Creativity is an essential human trait that is defined by the formation of novel and useful ideas and concepts. It has been identified as a key factor for progress and advancement in various areas of our daily lives. Current research on creativity has made great advances using cognitive and psychological approaches. However, progress in the field is still hampered by heterogeneous conceptualizations and operationalizations of creativity. Furthermore, the foundation of creativity on the level of neuronal networks that would offer a deeper understanding of creative processes remains elusive. We firmly believe that a deeper insight of the general neural processes underlying creative thought has potentially huge implications for the understanding of human and eventually also non-human brain as well as artificial neuronal networks.

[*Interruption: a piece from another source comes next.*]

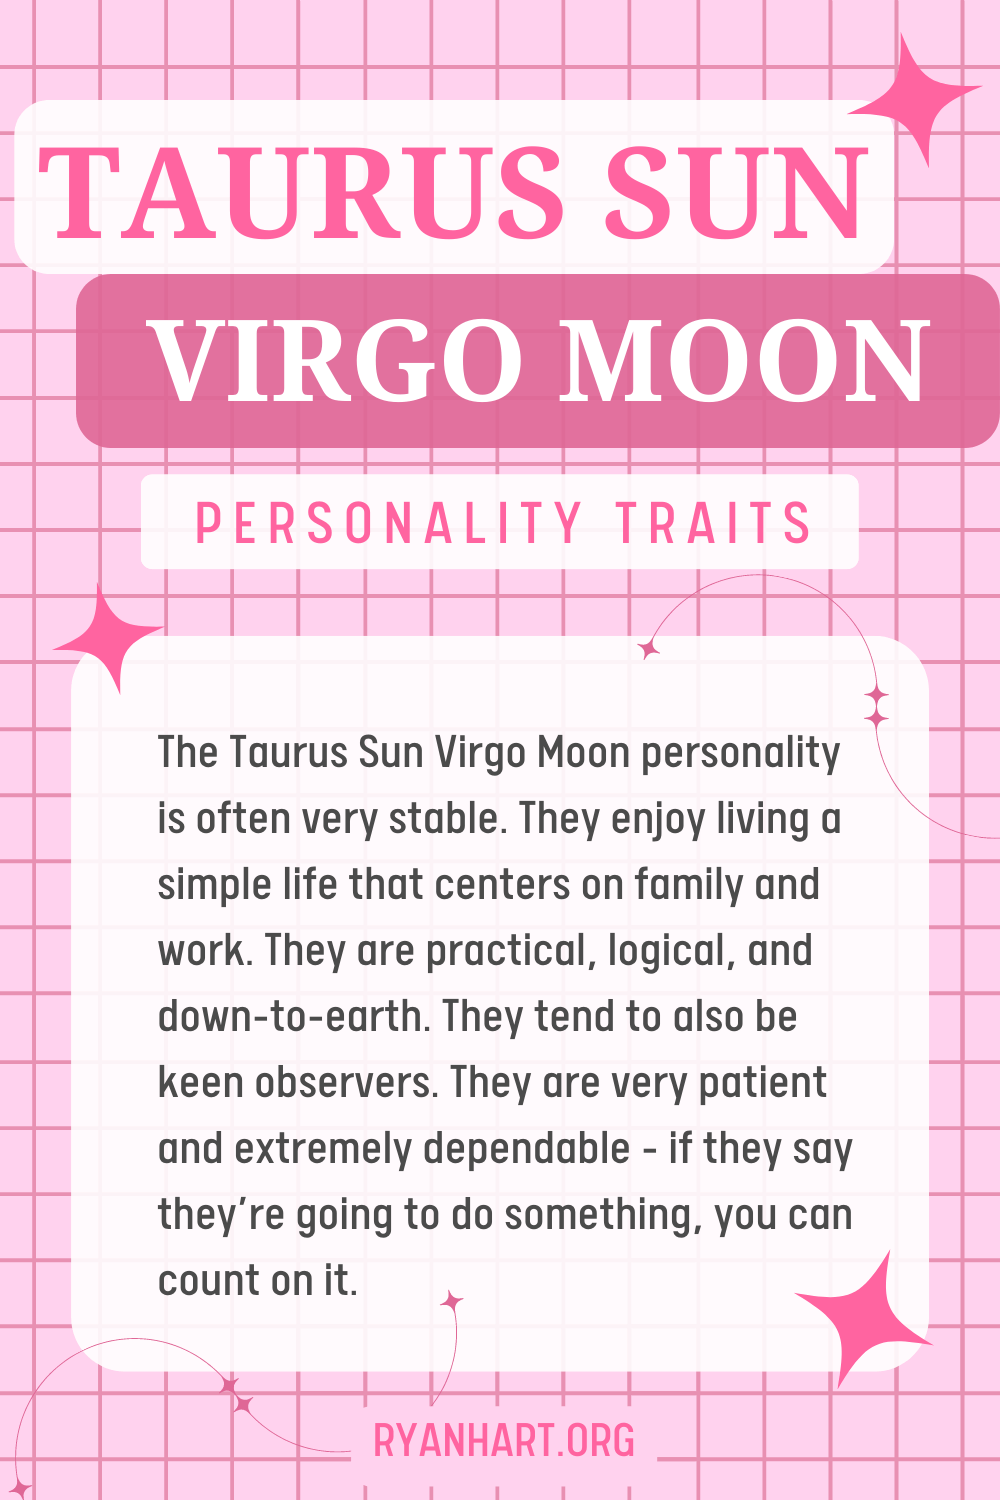 Taurus Sun Virgo Moon Description
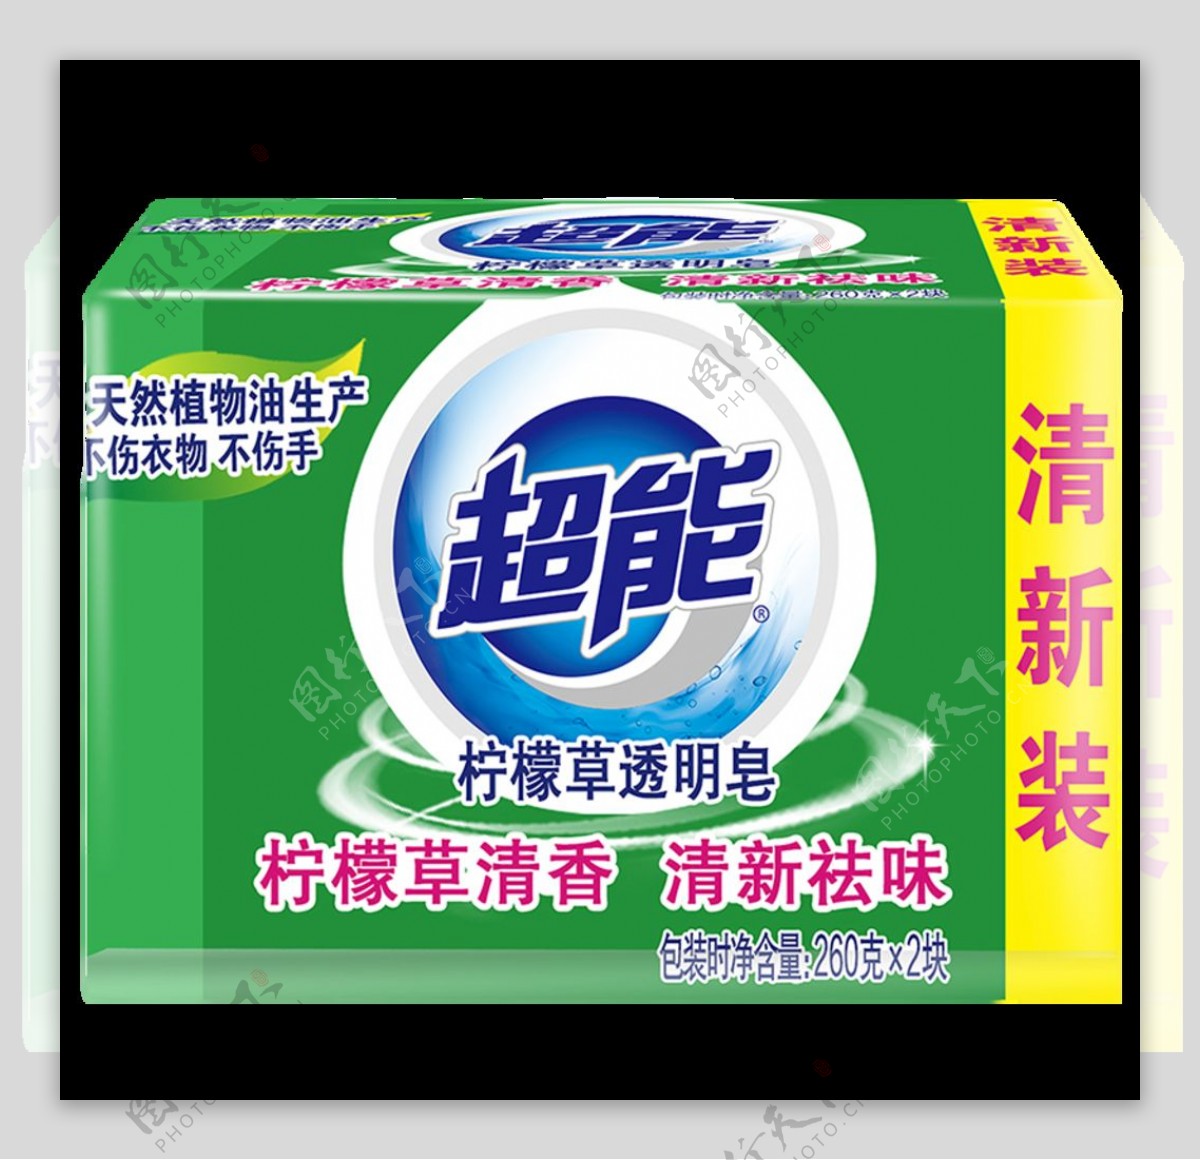 超能柠檬草透明皂2602152包装

Due to this void of knowledge, combined with a growing need for creative thinking, we organize an interdisciplinary conference of total two days length to bridge different fields of creativity research. We bring together leading experts on creativity from different scientific disciplines to discuss unifying approaches to operationalize creativity, investigate its neural mechanisms and develop theoretical and experimental concepts to probe and corroborate such mechanisms, especially on the level of neuronal networks. For this reason, we provide an interdisciplinary framework for the conference and bring experts from cognitive science together with systems neuroscientists as well as experts from computer science. Participants of the conference will have the chance to integrate their own research into a translational and multidisciplinary framework of creativity. Thus, we are confident that all subject areas will benefit from this interconnection by developing approaches that span and link multiple research disciplines.